Никто ему не ответил, но тело императора поспешно закутали в покрывало, положили в крытую колесницу, и всем было объявлено, что государь пожелал вернуться в Саньян. Кони и колесница двинулись на запад.
Ничто не изменилось. Как обычно, в назначенные часы подавали пищу, Ли Сы принимал ее и уносил в колесницу императора. Как обычно, сановники по утрам подходили к колеснице и докладывали обо всех делах. Рука слуги изнутри шевелила складки занавесок, и никто не удивлялся, что не видит государя, потому что последние годы он любил пребывать невидим, как подобает верховному существу, и являл придворным свой лик лишь на самых торжественных церемониях.

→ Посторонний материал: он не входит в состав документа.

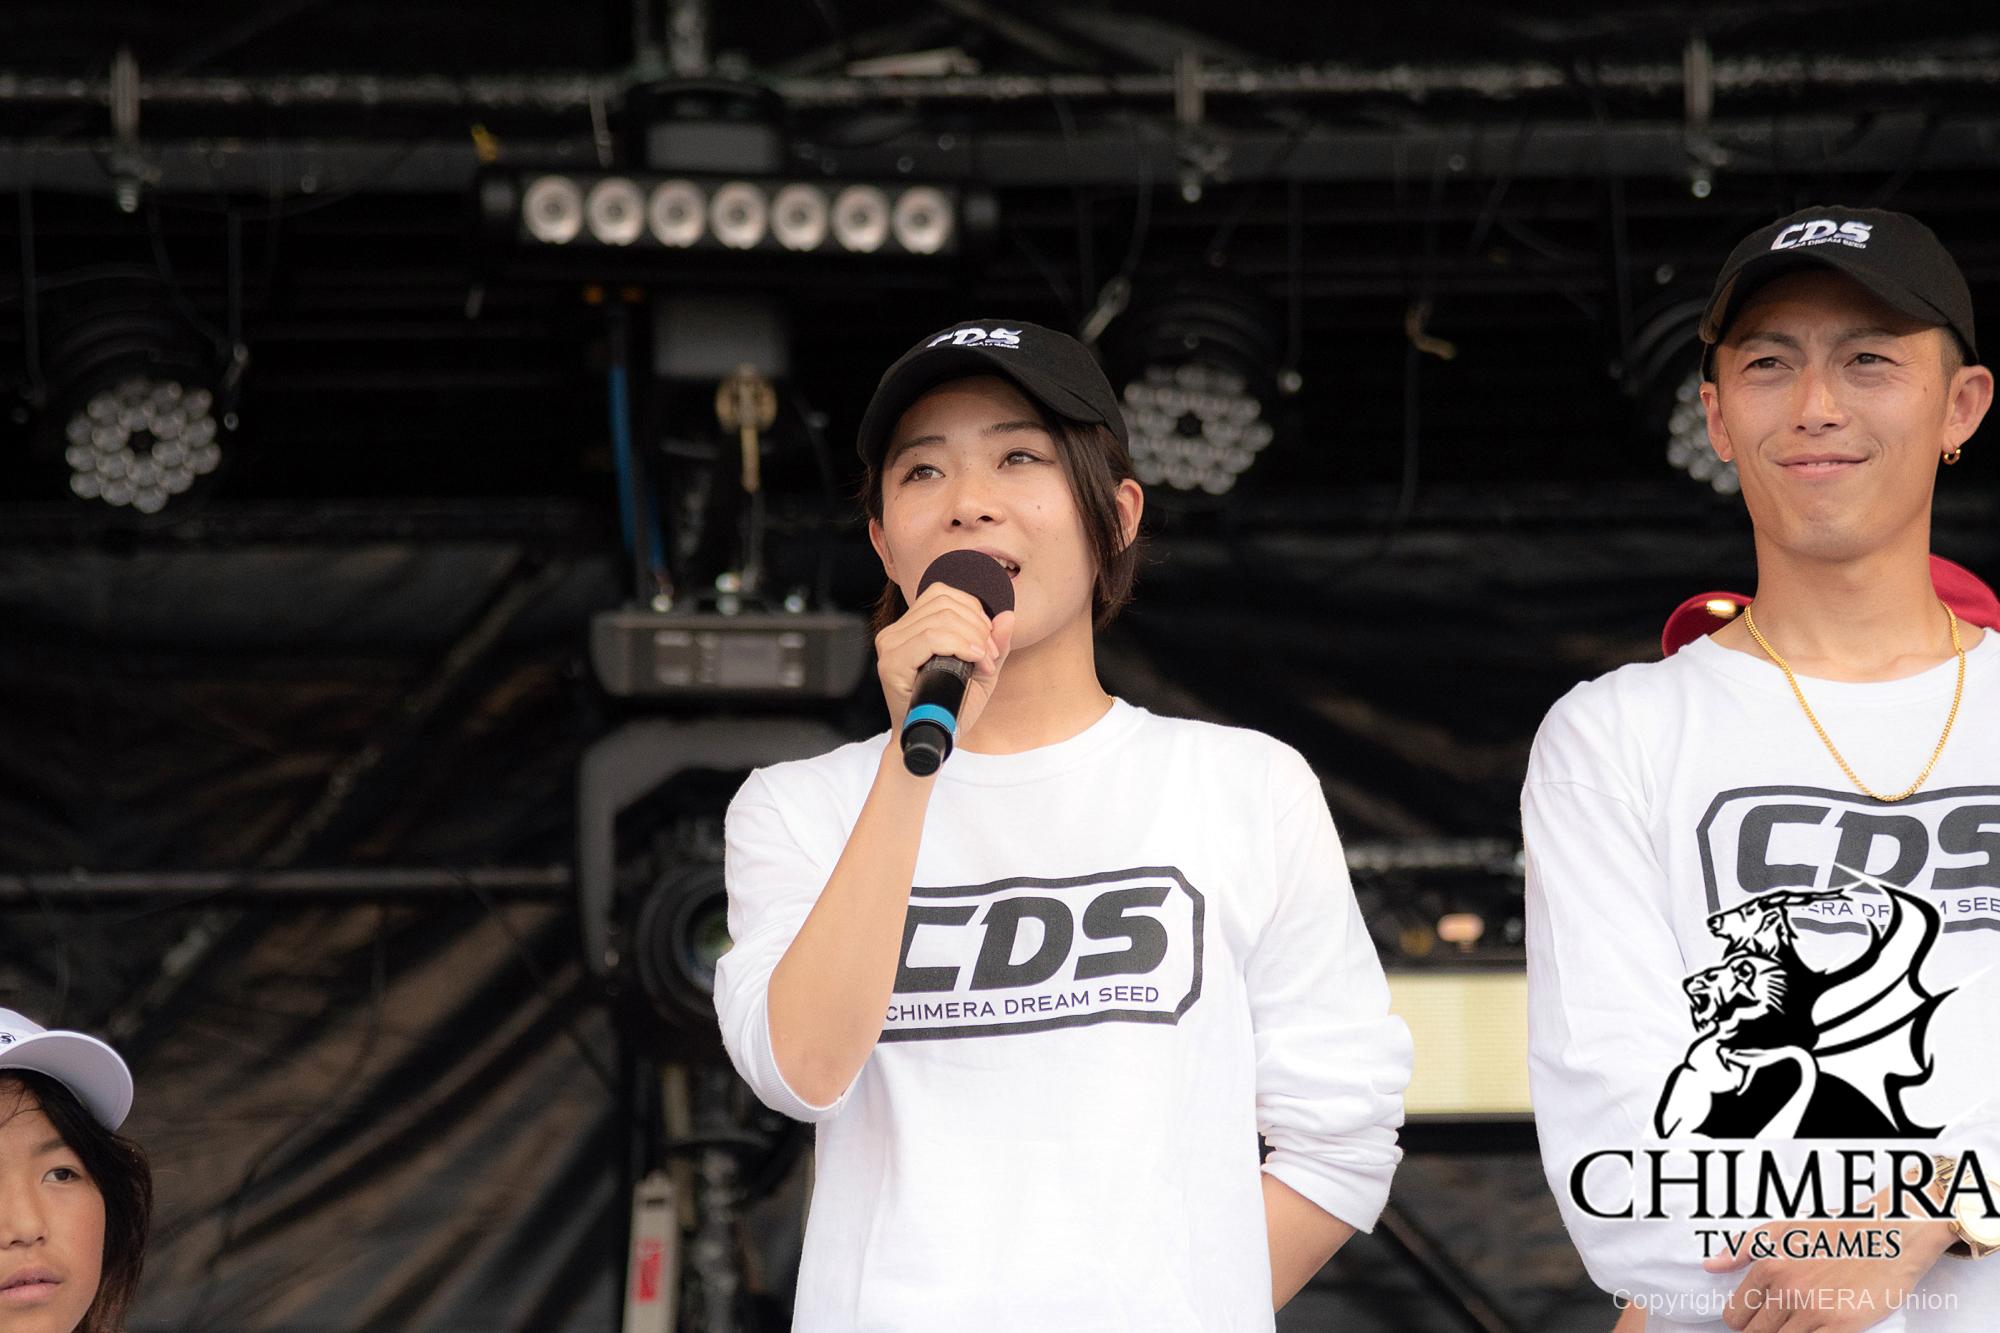 CHIMERA DREAM SEED-東千尋

Ничто не изменилось, кроме самого Ши Хуанди.
Палящие лучи июльского солнца творили над ним свое страшное дело и сперва чуть заметно, а потом все гуще нависал над императорским кортежем отвратительный запах. Придворные, недоумевая, поводили во все стороны носами. Пахло отовсюду, даже одежды пропитались тяжким духом. Чжао Гао объяснил небрежно:
— Это пахнет с воза, на котором везут, по желанию императора, рыбу с морского побережья.
Никто не посмел рассуждать или удивляться.

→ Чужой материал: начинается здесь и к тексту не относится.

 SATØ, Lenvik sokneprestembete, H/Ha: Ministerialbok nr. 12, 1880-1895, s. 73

Кортеж давно уже успевал скрыться вдали, а запах все висел над дорогами и полями, и крестьяне говорили, пожимая плечами:
— Это воз с гнилой императорской рыбой.
ЧЖАО ГАО ОТПРАВЛЯЕТ ГОНЦА
Хранитель печати Чжао Гао помог перенести тело только что скончавшегося императора в крытую колесницу, а затем вернулся в свой шатер и вынул из–за пазухи письмо Ши Хуанди, которое не успел отправить. Он уже собрался позвать гонца и передать ему письмо, но передумал, положил его перед собой на циновку и, глядя на него, задумался. Его жирное лицо приняло выражение, какое бывает у пожилой хозяйки, нежданно обнаружившей, что ее кладовая пуста. Углы рта опускались все ниже, щеки обвисли, все черты лица расплылись, как комок сала на медленном огне. Так продолжалось довольно долго.

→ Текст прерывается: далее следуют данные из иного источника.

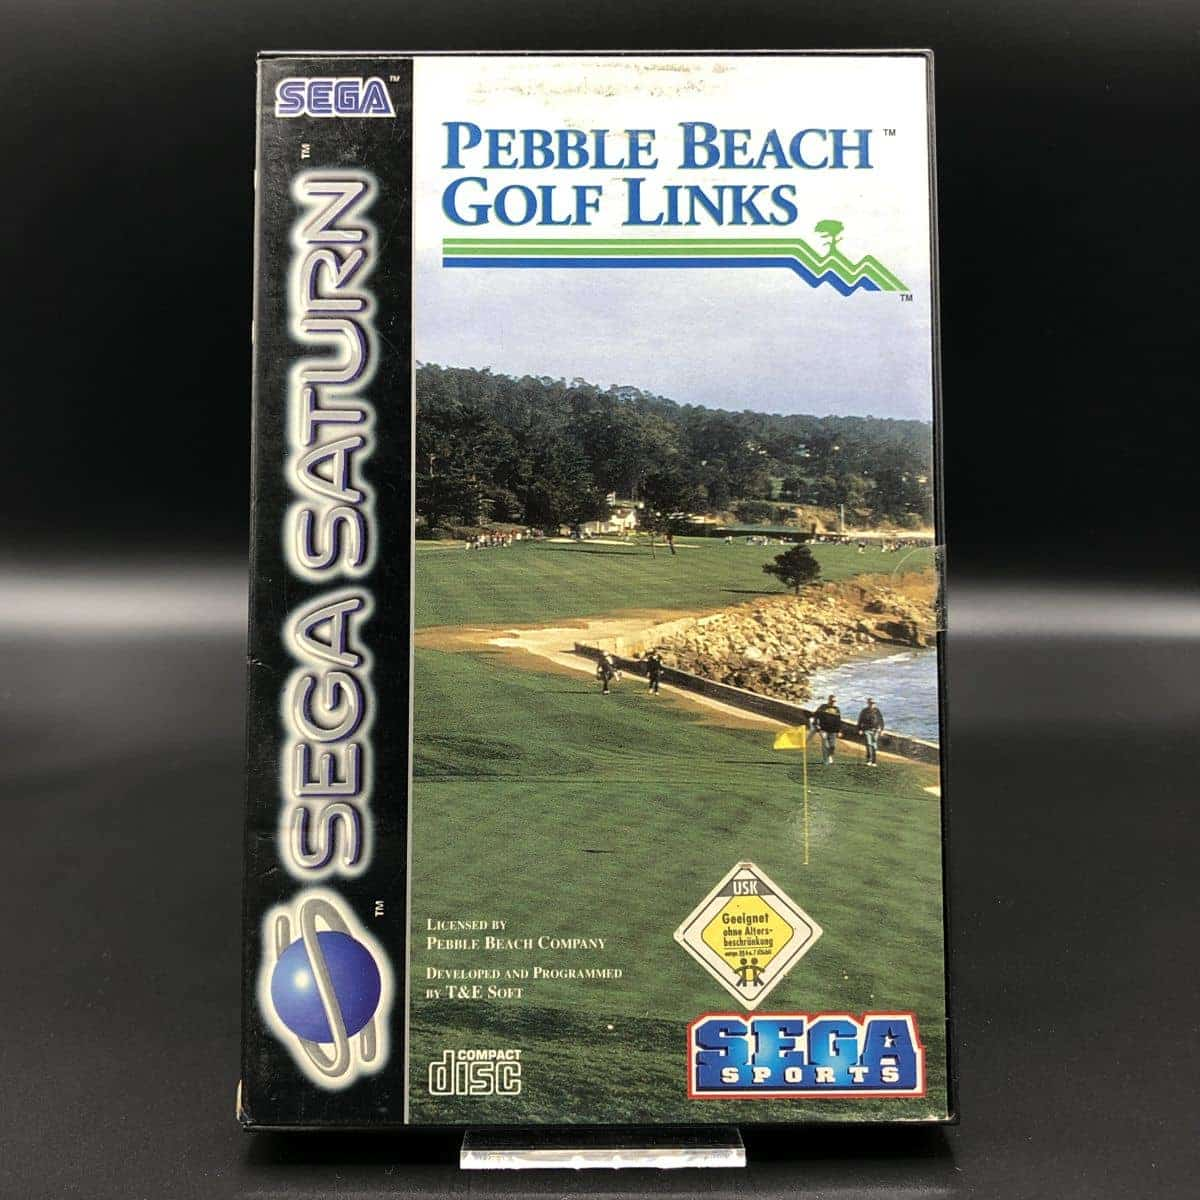 Pebble Beach Golf Links (Komplett) (Gut) Sega Saturn

Внезапно в глазах мелькнула юркая, как мышь, мысль, но вдруг остановилась и расправила усики. Глаза Чжао Гао заблестели, губы сжались, тело напряглось. Он встал, снова спрятал письмо в халат и направился в шатер императорского сына Ху Хая. Жестом он выслал слуг и осторожно разбудил Ху Хая. Тот, не раскрывая глаз, отмахнулся от него, но Чжао Гао заговорил настойчиво и негромко:
— Я прошу вас проснуться и выслушать мой совет.
Ху Хай взглянул сердито и ответил:
— Вы всё учите меня, всё даете советы! Ночь для сна. Не хочу слушать.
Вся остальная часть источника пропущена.